Data section START

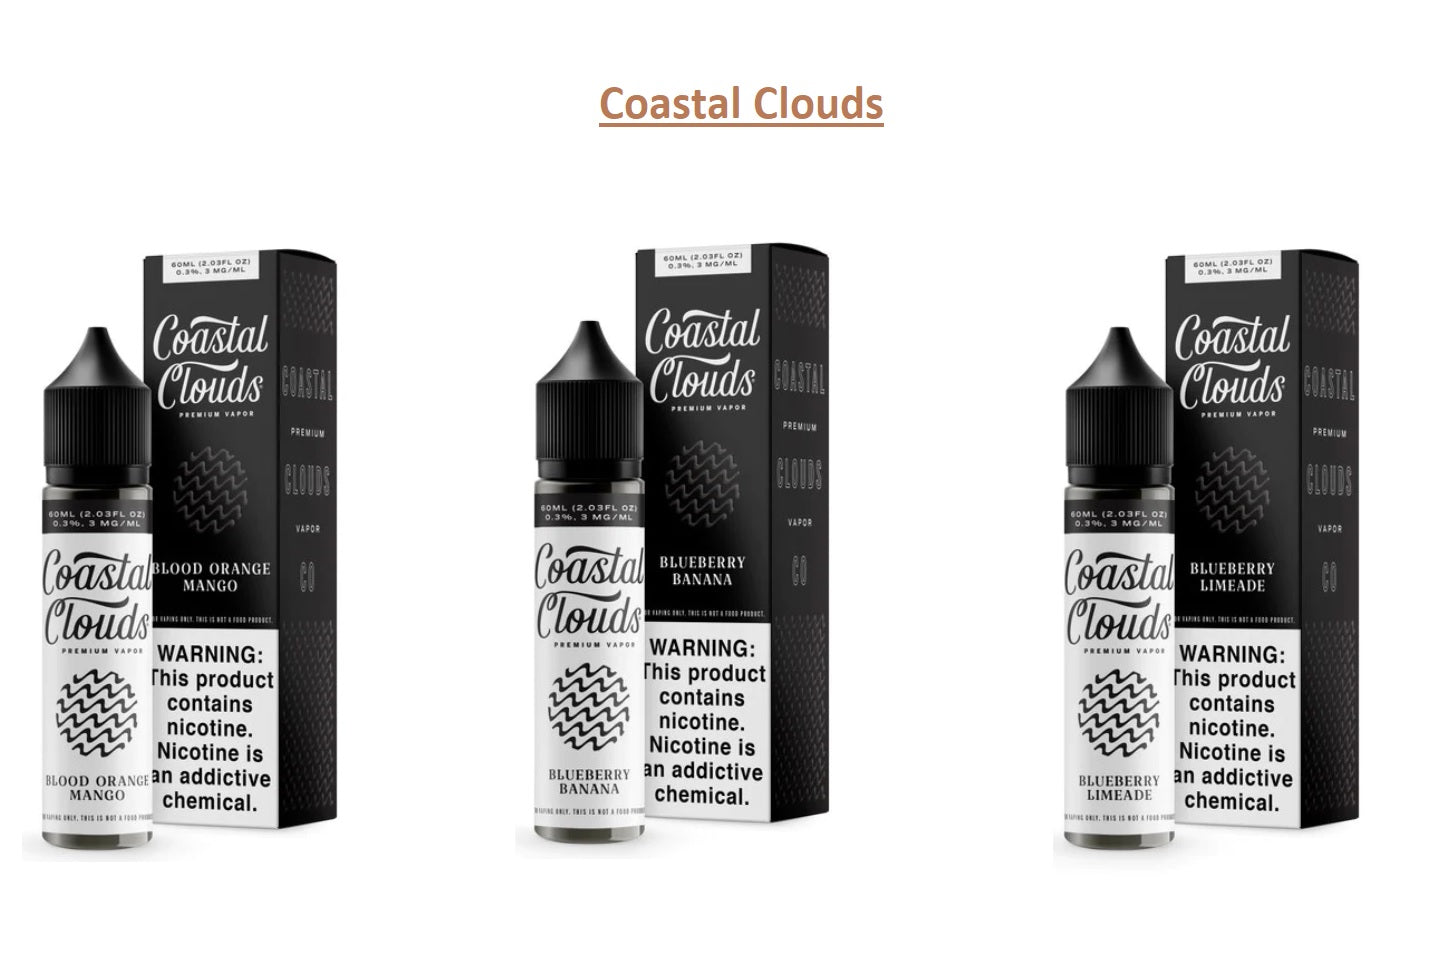 Picking Coastal Clouds Vape Juice Every Time- Here’s Why!
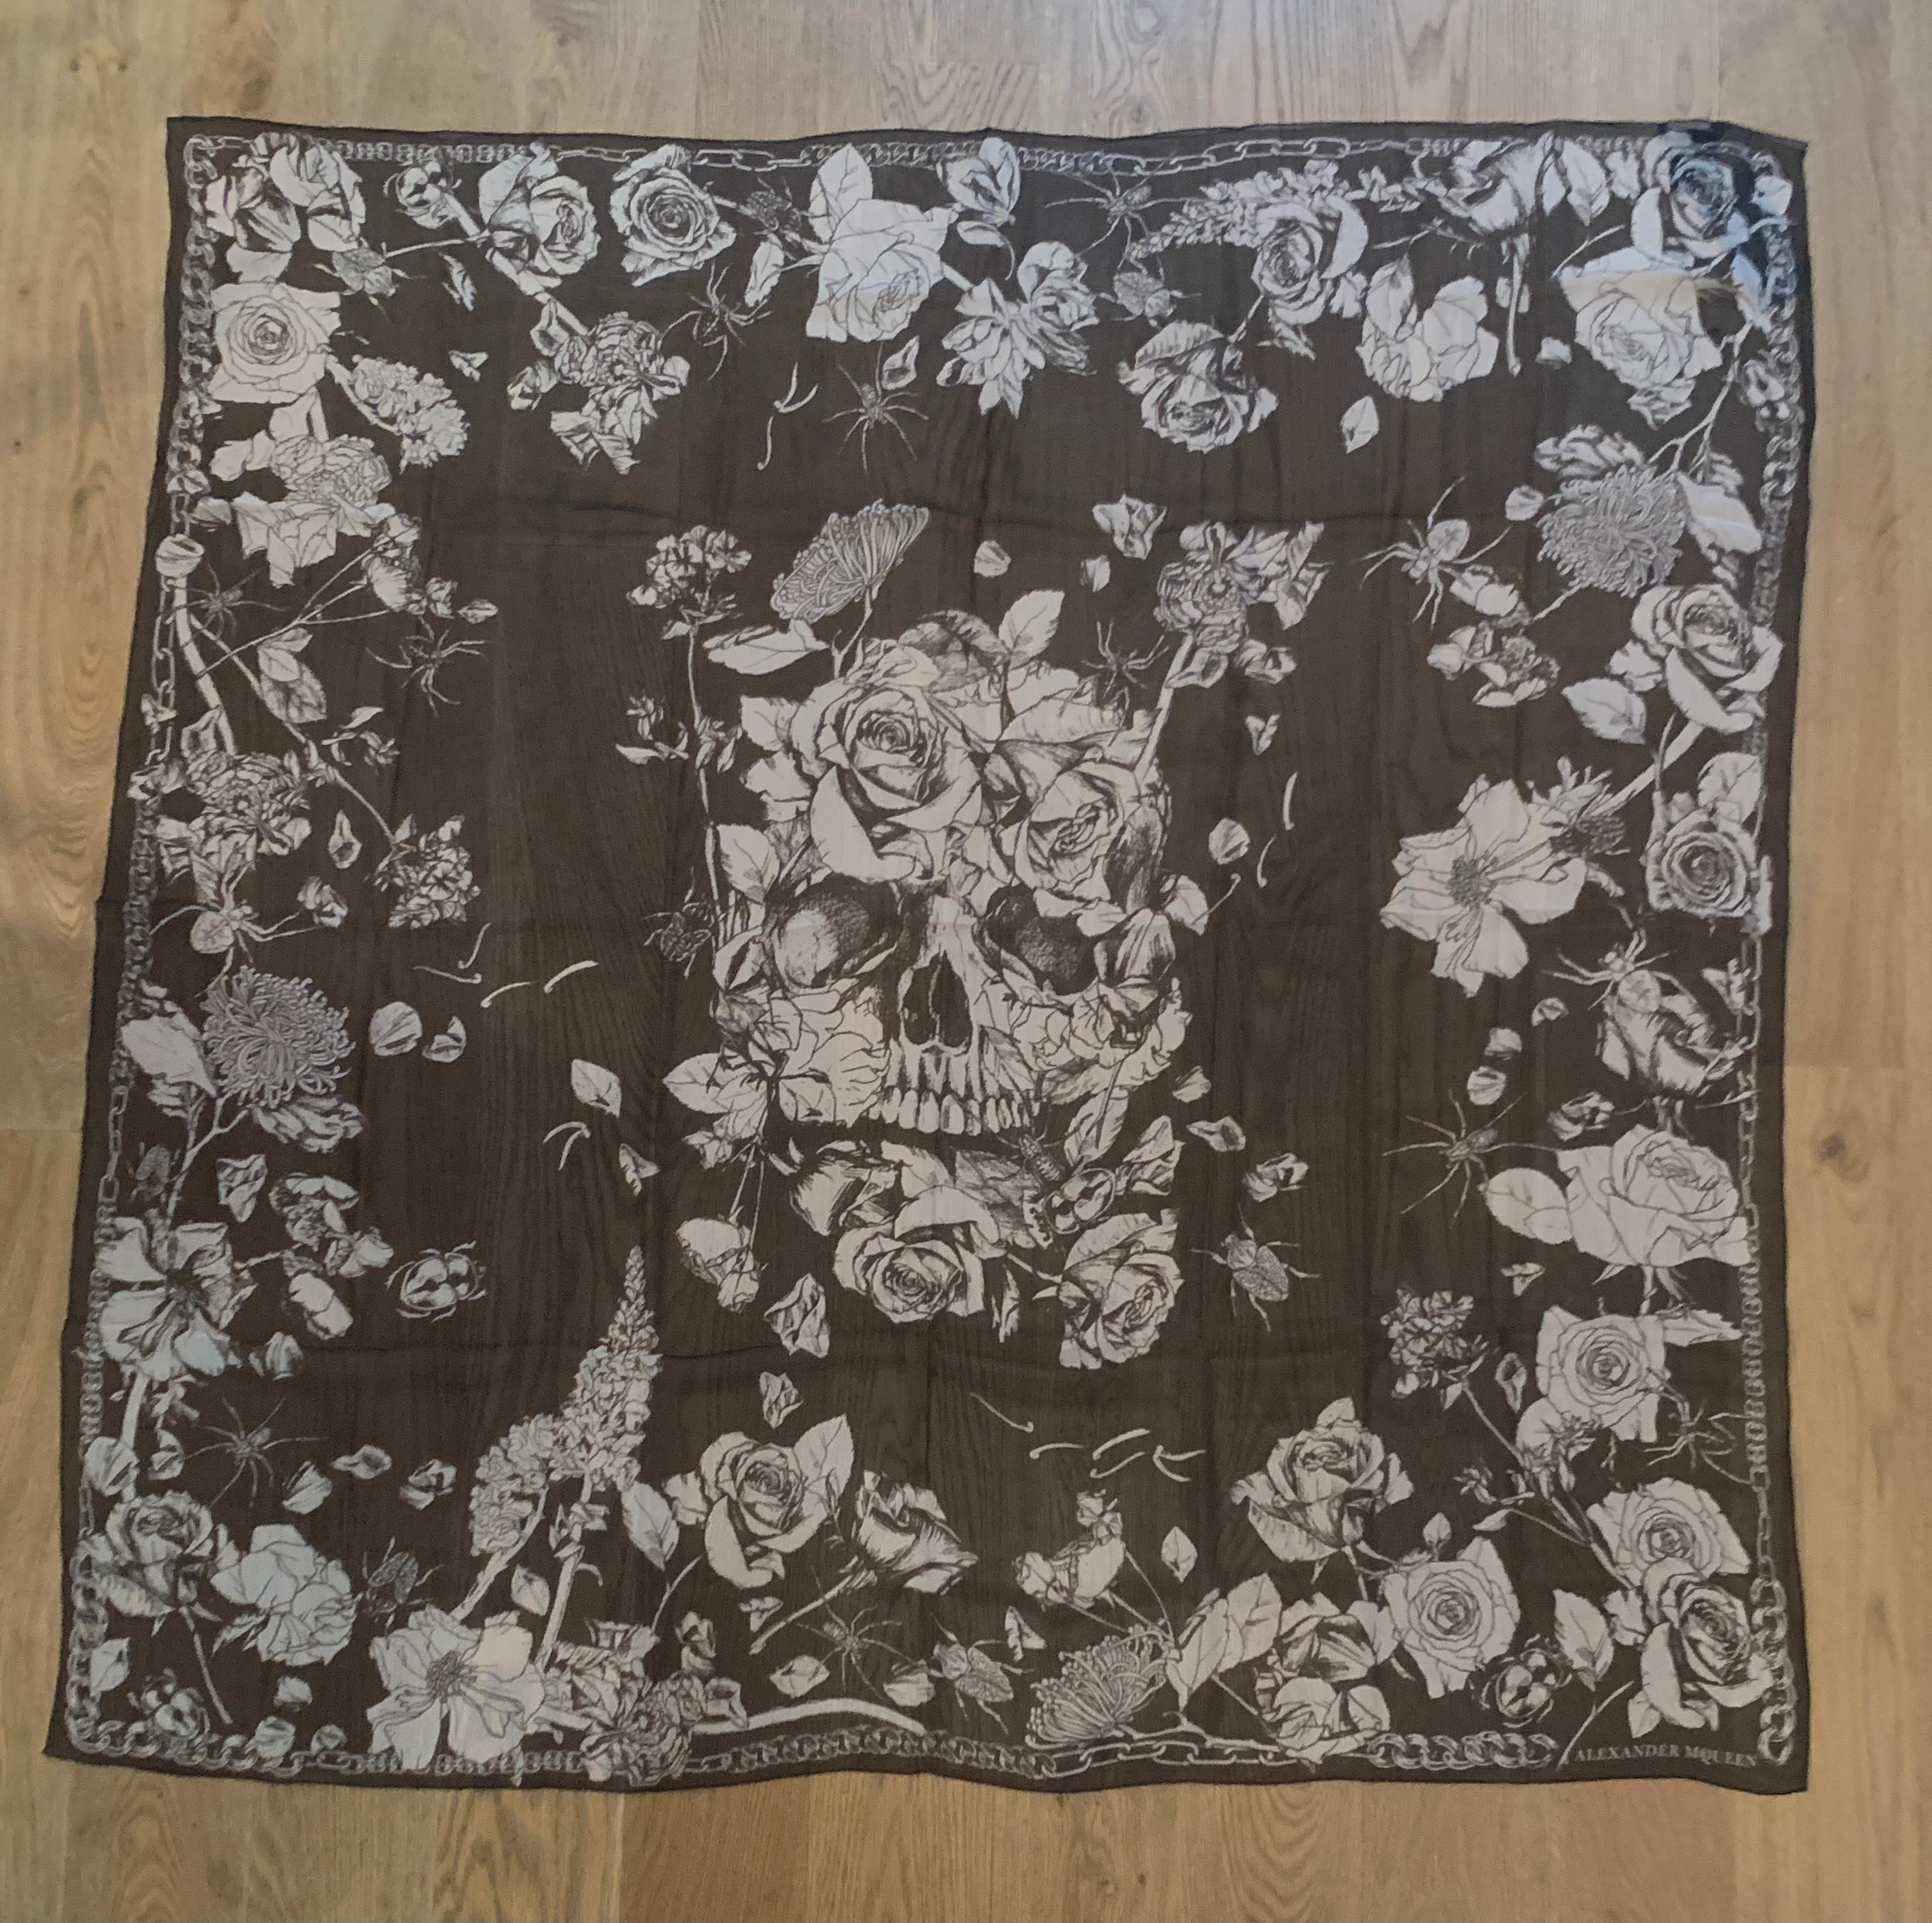 New Alexander McQueen large semi-sheer black and white silk chiffon scarf featuring a skull at center with roses and insects throughout, chain print around border. Signed Alexander McQueen at bottom right corner.

Large size makes it great for a
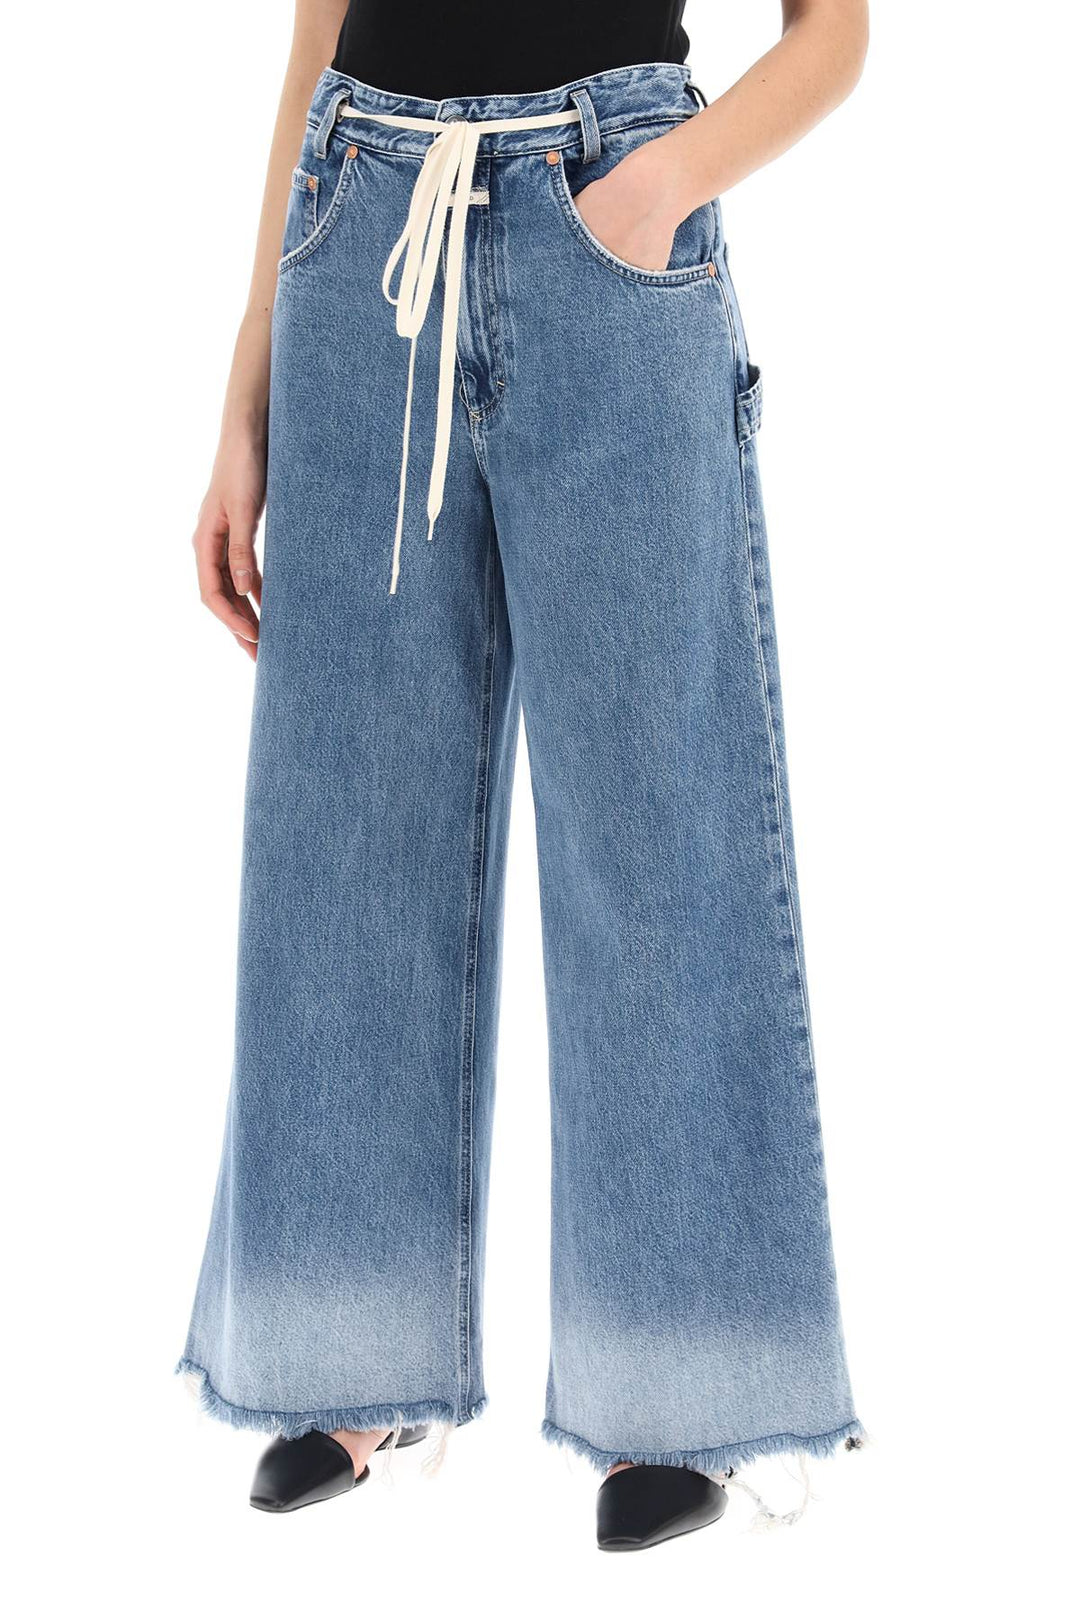 Closed Flare Morus Jeans With Distressed Details   Blue

Data section END

## What to produce
Please return, exactly and with pictures omitted, the lines from the line holding "Large size makes it great for a" through the end of the data above, inclusive.

## Result below
Large size makes it great for a
 Closed Flare Morus Jeans With Distressed Details   Blue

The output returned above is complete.